Петро сжимает зубы, отпускает ее плечо и твердо ступает больной ногой. Пот покрывает его лоб, но хромоты уже нет. Каждый шаг пронизывает все тело острой болью. Петро подходит к переезду как во сне, апрельское солнце стоит перед глазами черным кругом.

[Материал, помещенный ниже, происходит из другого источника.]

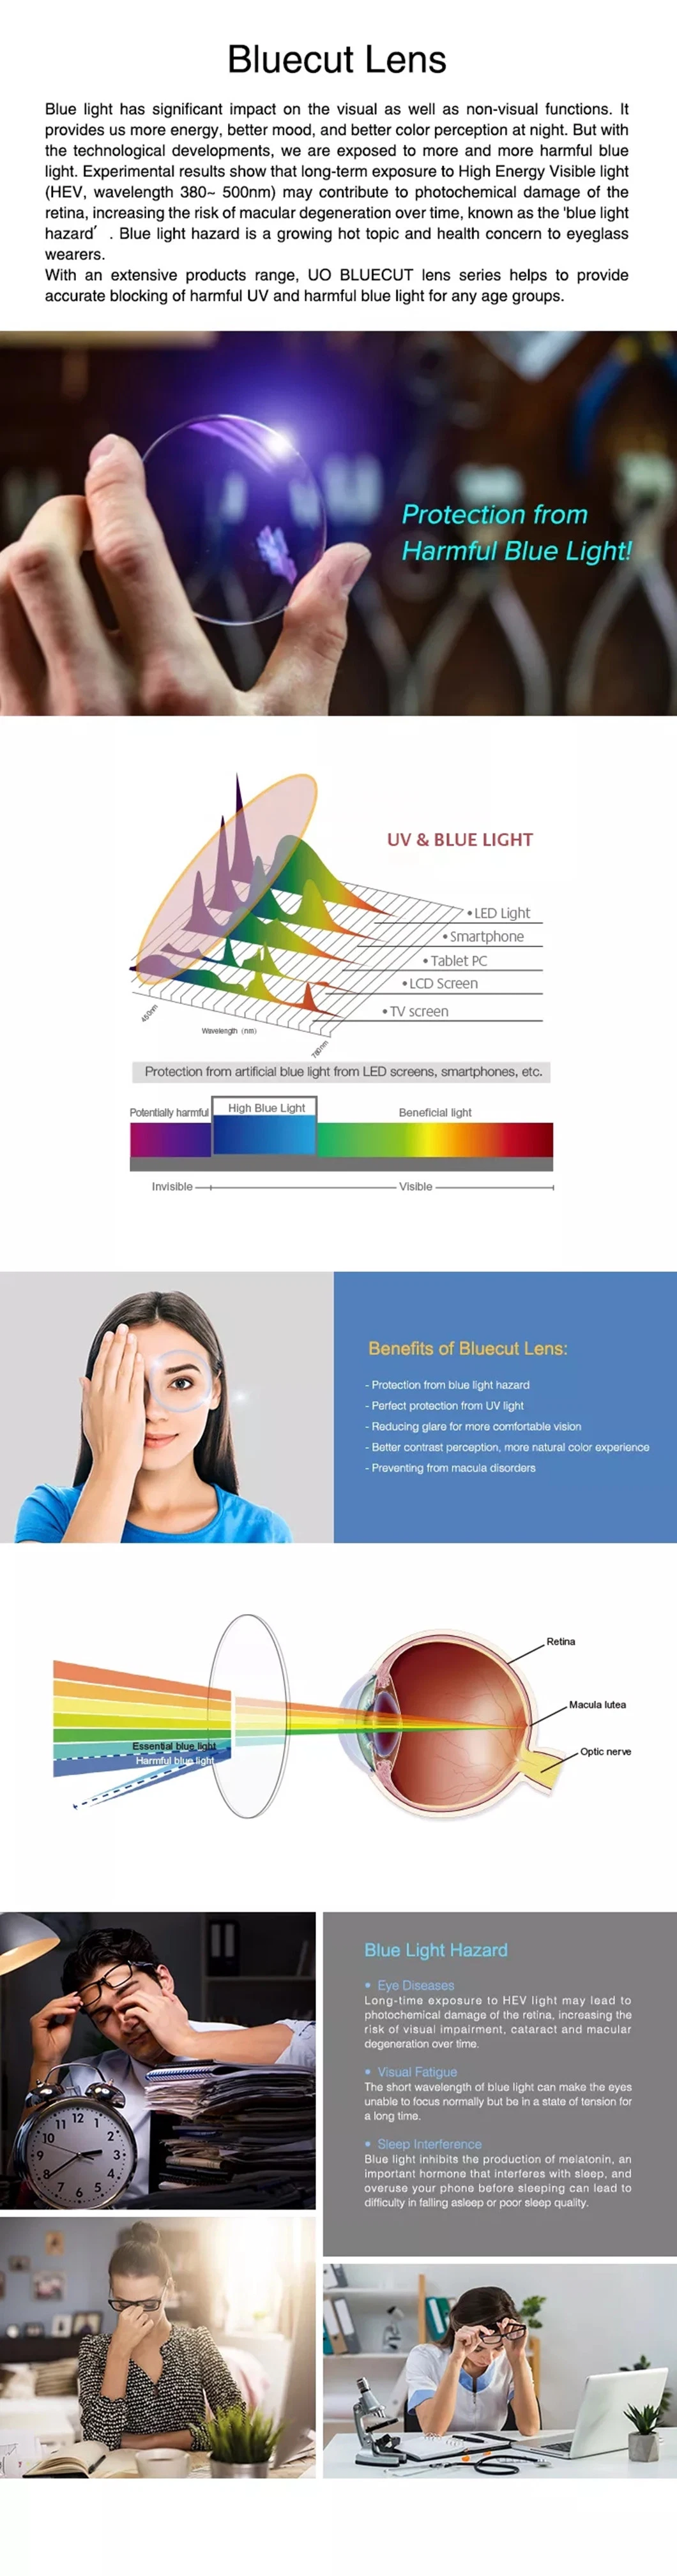 UV420 Blue Cut Factory Price 1.56 Anti Reflective Single Vision Eyeglasses Lens Photogrey Optical Lenses Glasses Lens
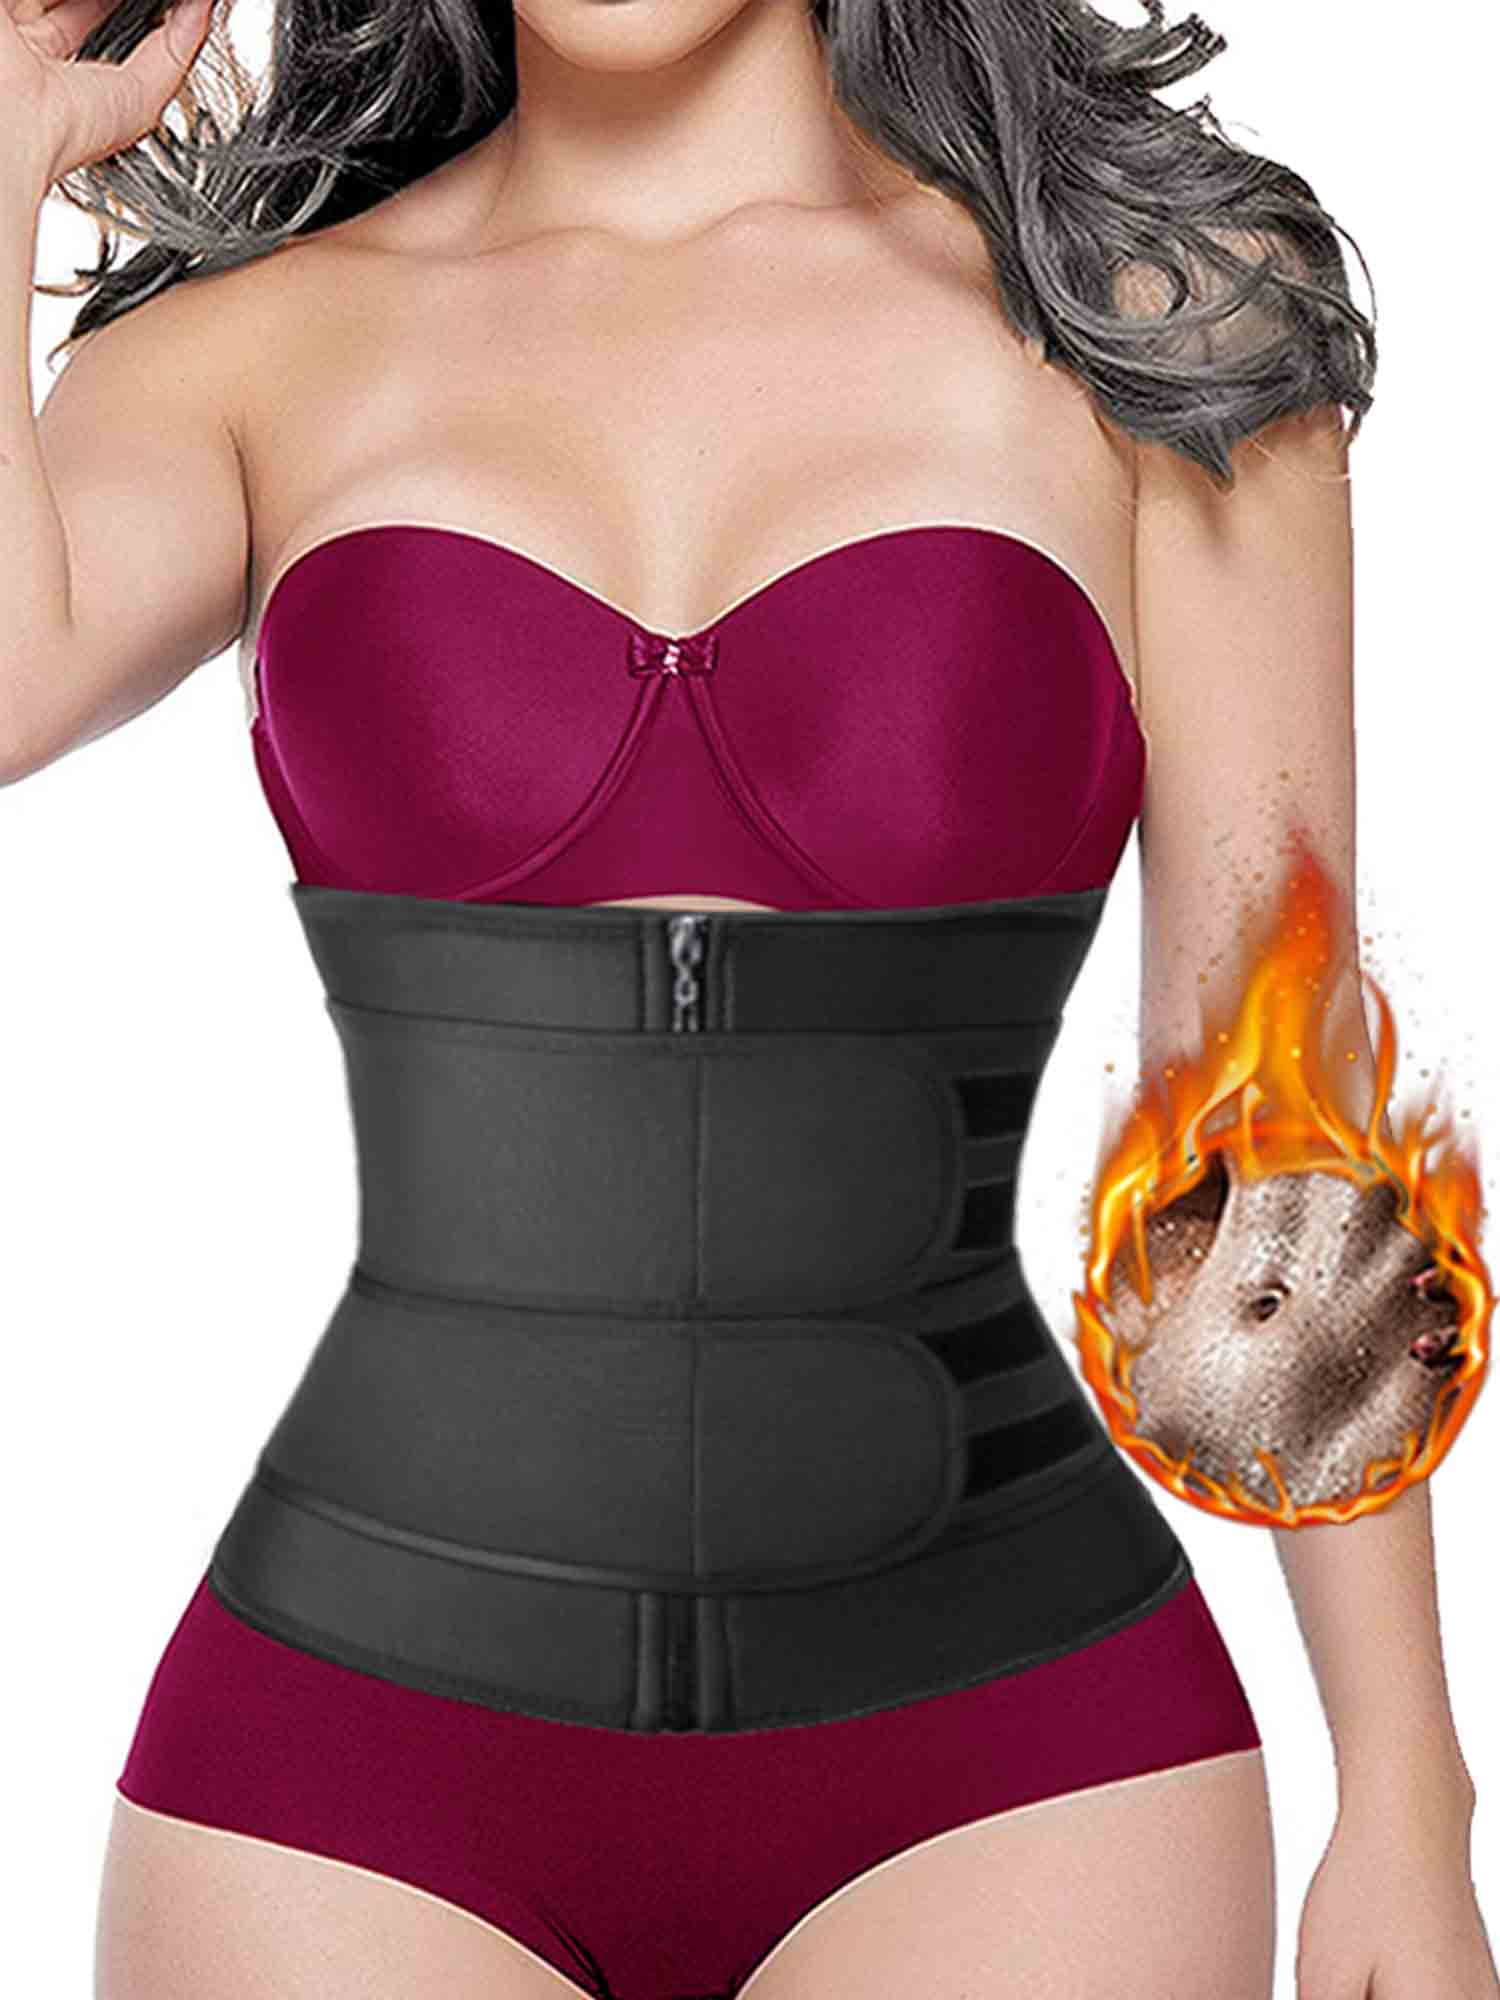 Details about   Women Waist Trainer Vest Gym Adjustable Sauna Sweat Belt Thermal Body Shaper US

Только подошли они к шлагбауму, как из будочки вышел сержант и поднял руку.
— Документ!
Оба протянули свои аусвайсы. Повертев документы в руках, сержант, не читая, сказал что-то по-венгерски и отпустил их. Очевидно, переезд охраняли венгерские солдаты.
А в селе возле дома Томчука шел бой.
Волынца разбудило урчание автомобиля. Он быстро встал с постели и приподнял занавеску на окне. Рядом с хатой Томчука разворачивался грузовик, из которого выпрыгивали немцы.
— Иван Павлович!
Хозяин в одном белье подбежал к окну, выглянул и, ни слова не говоря, стал одеваться.
— Иван Павлович, мне на моих ногах бежать некуда. А ты уходи. Я их задержу.
— А дети?
— Забирай детей. В ближайшей хате оставишь, а сам дальше.
— Нет уж… Поздно. Сколько их?
— Одна машина. Значит, человек двадцать.
— Думай, как бой принимать, — сказал Томчук.
Петро снова посмотрел в окно.
— Ну… вначале они подойдут к хате в расчете на то, что мы спим. Тут мы их встретим. А потом… Надо держаться до вечера.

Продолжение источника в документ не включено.